Namun masalahnya, BPKP dan juga Badan Pemeriksa Keuangan (BPK) baru mau menghitung keruguan negara ketika sudah ditentukan ada perbuatan melawan hukum. Laode menyebut, selama hampir dua tahun sejak Lino ditetapkan sebagai tersangka, BPKP enggan menghitungnya.
"Saya kurang tahu apa yang terjadi. Setelah kita masuk, kita putuskan, kita pindahkan ke BPK. Setelah kita pindah ke BPK, ini ada Pak Panca nih, sampai hampir bertahun-tahun di sana. Tapi selalu hanya untuk menghitung," jelasnya.
Laode pun membeberkan alasan mengapa penghitungan kerugian di BPK pun mangkrak. Pertama, karena tidak adanya harga pembanding barang yang dikorupsikan. "Karena dokumen dari Chna tidak ada. Betul. Waktu itu saya dengan Pak Agus sudah di Beijing mau minta itu di-cancel pertemuannya," terang dia.
Kedua, Laode blak-blakan bahwa otoritas China tidak kooperatif. Akhirnya, KPK pun minta ahli untuk menghitung komponen dan membandingkannya dengan harga di pasaran. "Itu pun setelah kita guide pak, kita guide. Jadi jangan anggap KPK itu tidak melakukan upaya maksimum. Bahkan ada satu tim forensik kami pergi, pretelin itu semuanya ke tempat lain. Akhirnya kami mendapat ahli," tegas dia.
Adapun penetapan tersangka Lino dilakukan oleh direktur penyelidikan KPK setelah mendapatkan dua alat bukti. Namun kendalanya ada di jaksa. "Dengan adanya putusan MK, akhirnya sekarang itu, kita 75 persen yakin ini mereka tinggal hitung.
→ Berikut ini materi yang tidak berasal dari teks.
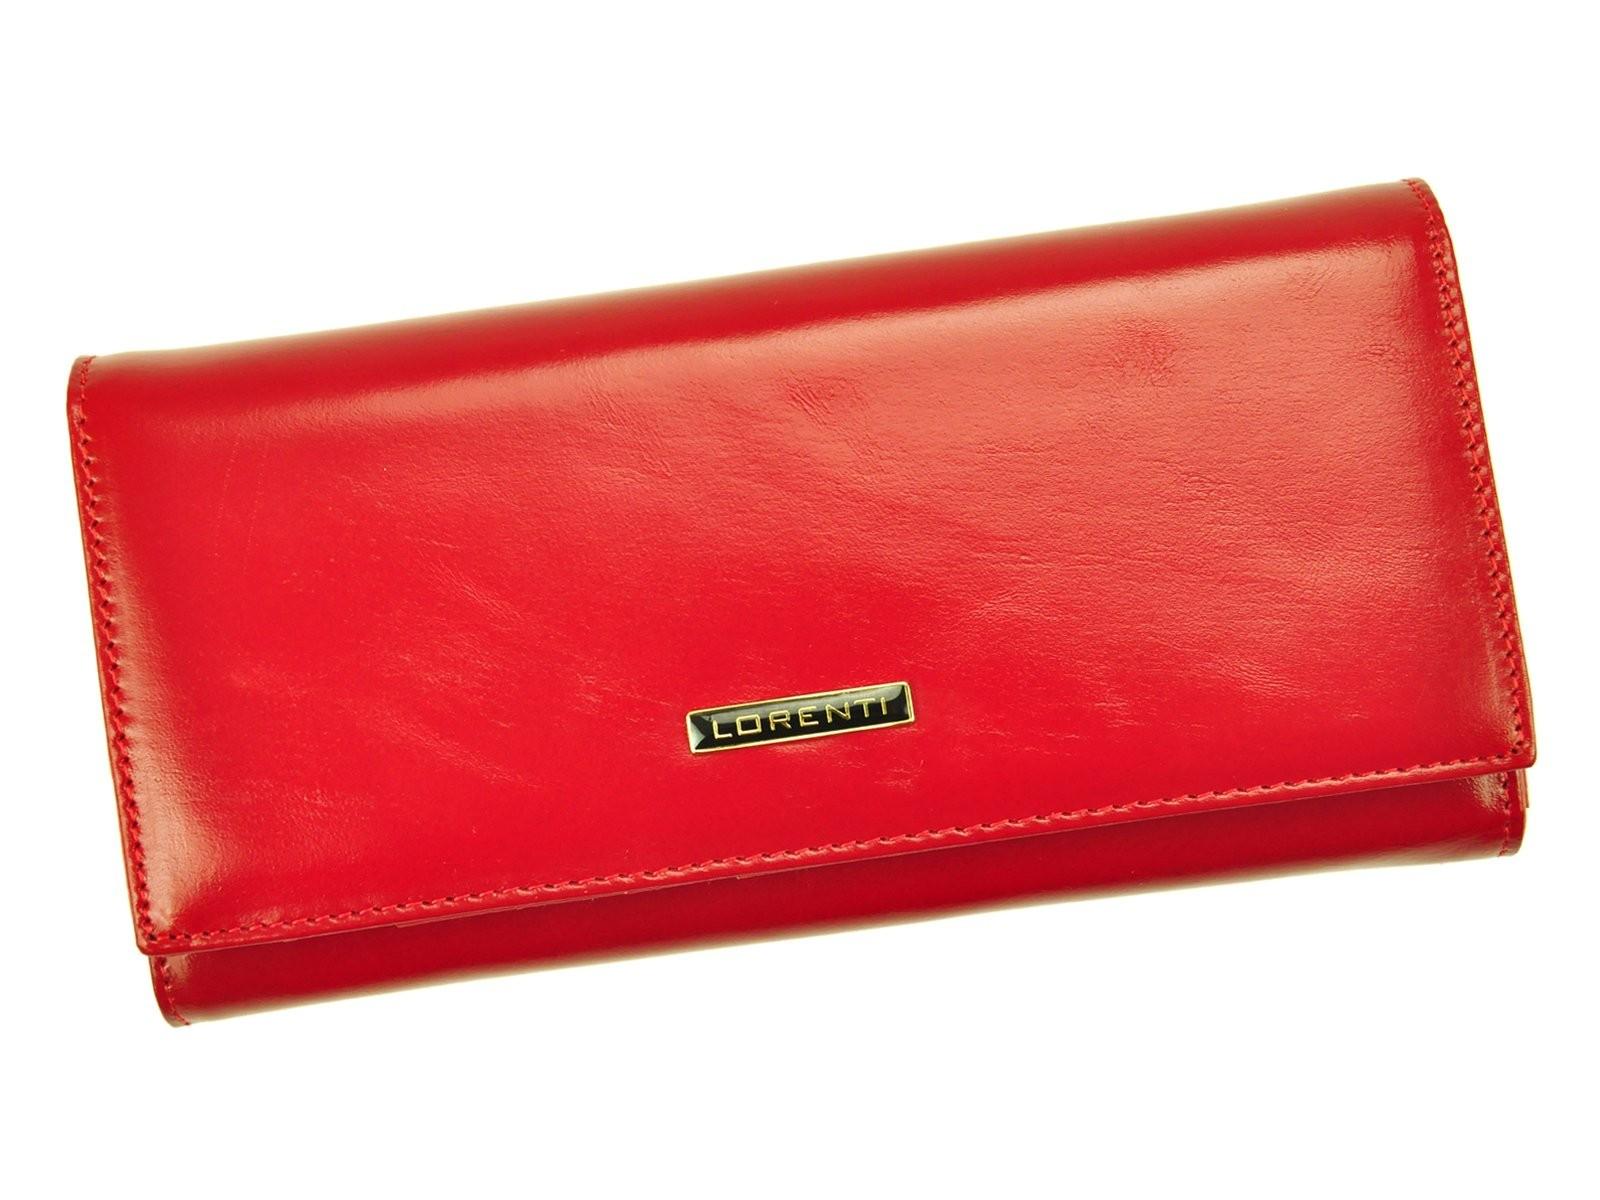 b52cc1d5d67 Dámská kožená peněženka Lorenti Julie - červená

Jadi memang ada beda. Itu penjelasan jujur dari KPK, enggak ada yang kami tutupi dan ini terus terang, ketika rapat terakhir itu, seperti ada kerikil di dalam kaus kaki kita ini, RJ Lino," tandasnya.
Sebelumnya, RJ Lino ditetapkan menjadi tersangka sejak 18 Desember 2015 yang lalu. Ia diduga melakukan tindak pidana korupsi dalam pengadaan Quay Container Crane (QCC) pada tahun 2010. Terhitung, lebih dari tiga tahun Lino menyandang status tersangka. Sampai saat ini, ia masih belum ditahan oleh komisi antirasuah.
Perkaranya, RJ Lino diduga menyalahgunakan wewenangnya saat menjadi Dirut Pelindo II. Ia dituduh memperkaya diri sendiri, orang lain, dan atau korporasi dengan menunjuk langsung perusahaan asal Tiongkok, Wuxi Huadong Heavy Machinery, untuk pengadaan tiga unit QCC itu.
Atas perbuatannya, dia disangkakan melanggar Pasal 2 Ayat (1) dan atau Pasal 3 UU Nomor 31 Tahun 1999 sebagaimana diubah dengan UU Nomor 20 Tahun 2001 tentang Pemberantasan Tindak Pidana Korupsi juncto Pasal 55 Ayat (1) ke-1 KUHP.